Combining Image and Text Generators?

Since the goal was to generate realistic looking fake products here are two examples of generated images with contextually generated text. As of now the text context is manually generated, but a future project could be to build a captioning model or simply use tags generated by internal attribute and taxonomy models which the team has been working on. These generated tags can be used as a sort of stand in for product title. For example potential attributes of the following dress could be “sleeveless red asymmetric dress” and could be fed into GPT-2 to get contextually generated product descriptions.

3SR StyleGAN generated dress.

Context for SR GPT-2: sleeveless red asymmetric dress

DetailsThis asymmetric fit-and-flare fit is cut in a slim fit. Cut for a flattering, relaxed fit.- Round neckline. 
- Sleeveless.
- One center front, two center back.
- 100% polyester.
- Machine wash.
- Imported.
- Model is 5\'10""/178 cm and has a 32"" bust. She wears a US size 2.

A second example using a jumpsuit generated by SR StyleGAN with potential tags being “black short sleeve jumpsuit” which feels like a reasonable description or boring title.

SR StyleGAN generated Jumpsuit

SR GPT-2 context: black short sleeve jumpsuit.

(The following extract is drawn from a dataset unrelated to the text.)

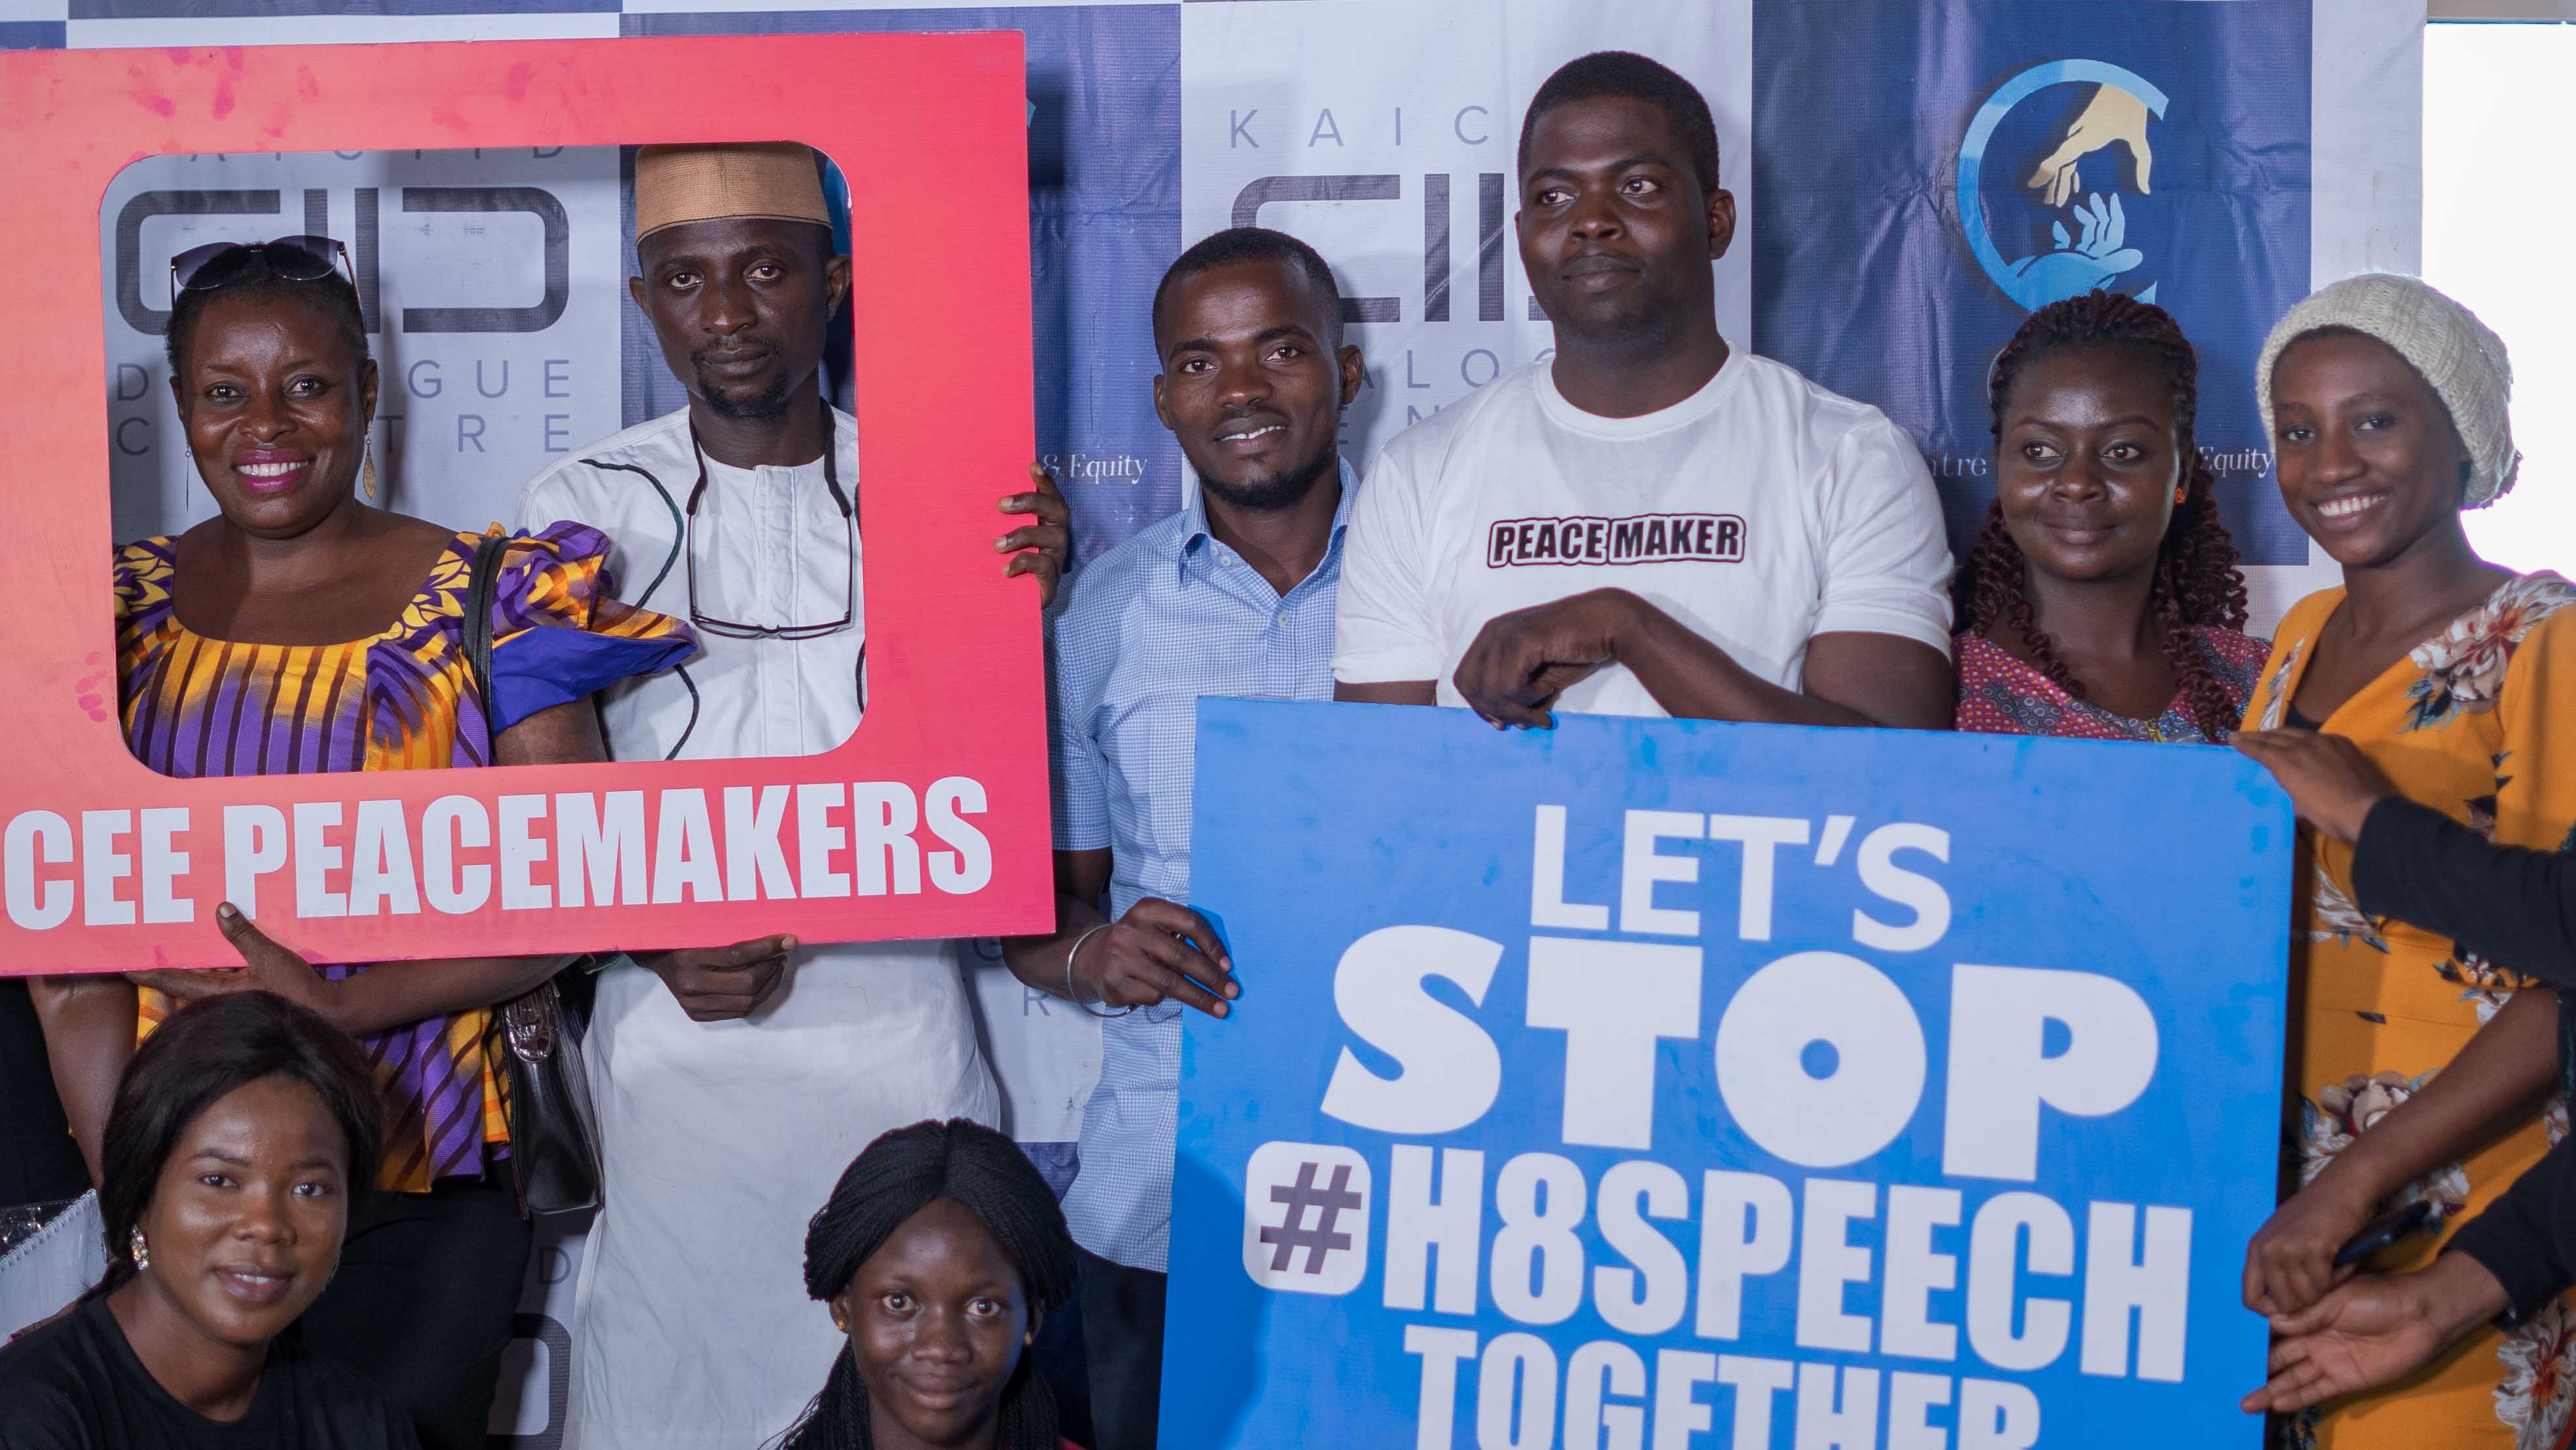 Junge Menschen starten virtuelles Projekt zur Friedensförderung in Nigeria

A loose, fluid silhouette lends a comfortable wear to any look. The buttonless back features a keyhole on the chest.Material and CareMaterial information: 100% Cotton, Lining: 100% Viscose, Lining: 100% Polyester

Then as a fun follow up I fed these two examples through our internal taxonomy classification service which uses images and text input and found that the taxonomy service successfully categorizes the two images as a “women’s dress” and a “jumpsuit”.

Wrapping Things Up

Over the course of this hack week I spent a lot of time training models and looking at generated image and text outputs. I still think that while hard to utilize these generator style models could potentially be very useful for adding interesting business value. I mentioned initially things like synthetic data augmentation for low frequency classes, but other ideas that came from the team could be letting users generate items and manipulate the items if we can figure out how to successfully locate and manipulate different features in the GAN’s latent space. If users can generate items they would like then we can do more standard visual searches of our catalog and so on.

As for notes on the models.

GPT-2 seems fine and learns quickly, potentially overfits quickly as well… by feeding it appropriate context it can generate reasonable text. What we use as context is really the question. Thoughts would be a captioning model based on a real image or a GAN image. A simpler way would just be to feed in all available attributes and taxonomy information as plain text and see how it does.

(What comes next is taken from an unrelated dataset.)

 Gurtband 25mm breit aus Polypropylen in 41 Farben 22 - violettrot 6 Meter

StyleGAN is decently trained and to get better results I would likely need to train it from scratch or at least from a much earlier point in its training. I intentionally had StyleGAN start at a point where it was generating fairly large images. all while using those anime weights.

Something that I experimented with but did not find much success with was mapping images in and out of StyleGAN’s latent space. The general idea is to use a pretrained network to learn find the the closest approximation of an image in StyleGAN’s latent space by generating StyleGAN vectors and comparing how close the image is to the original. If we can successfully map items into StyleGAN’s latent space then we can combine those vectors to have a bit more control of what we are modifying. For example we could map a bunch of jumpsuits into StyleGAN’s latent space and mix those jumpsuits together to make new samples. Another related step is finding where certain attributes or patterns exist in the latent space then we could potentially

For a full training run Nvidia does list a training time of 42 days with a single GPU. You could likely get good results in a full week or two of training since other folks who have tried training from scratch report the last few weeks are really just about getting clean minor details.

If I end up continuing on this hack week idea a lot of future work will likely be around manipulating SR StyleGAN outputs and locating where things like dress/sleeve length are located or colors and patterns in order to allow for more fine grained control over manipulating different aspects of the generated images.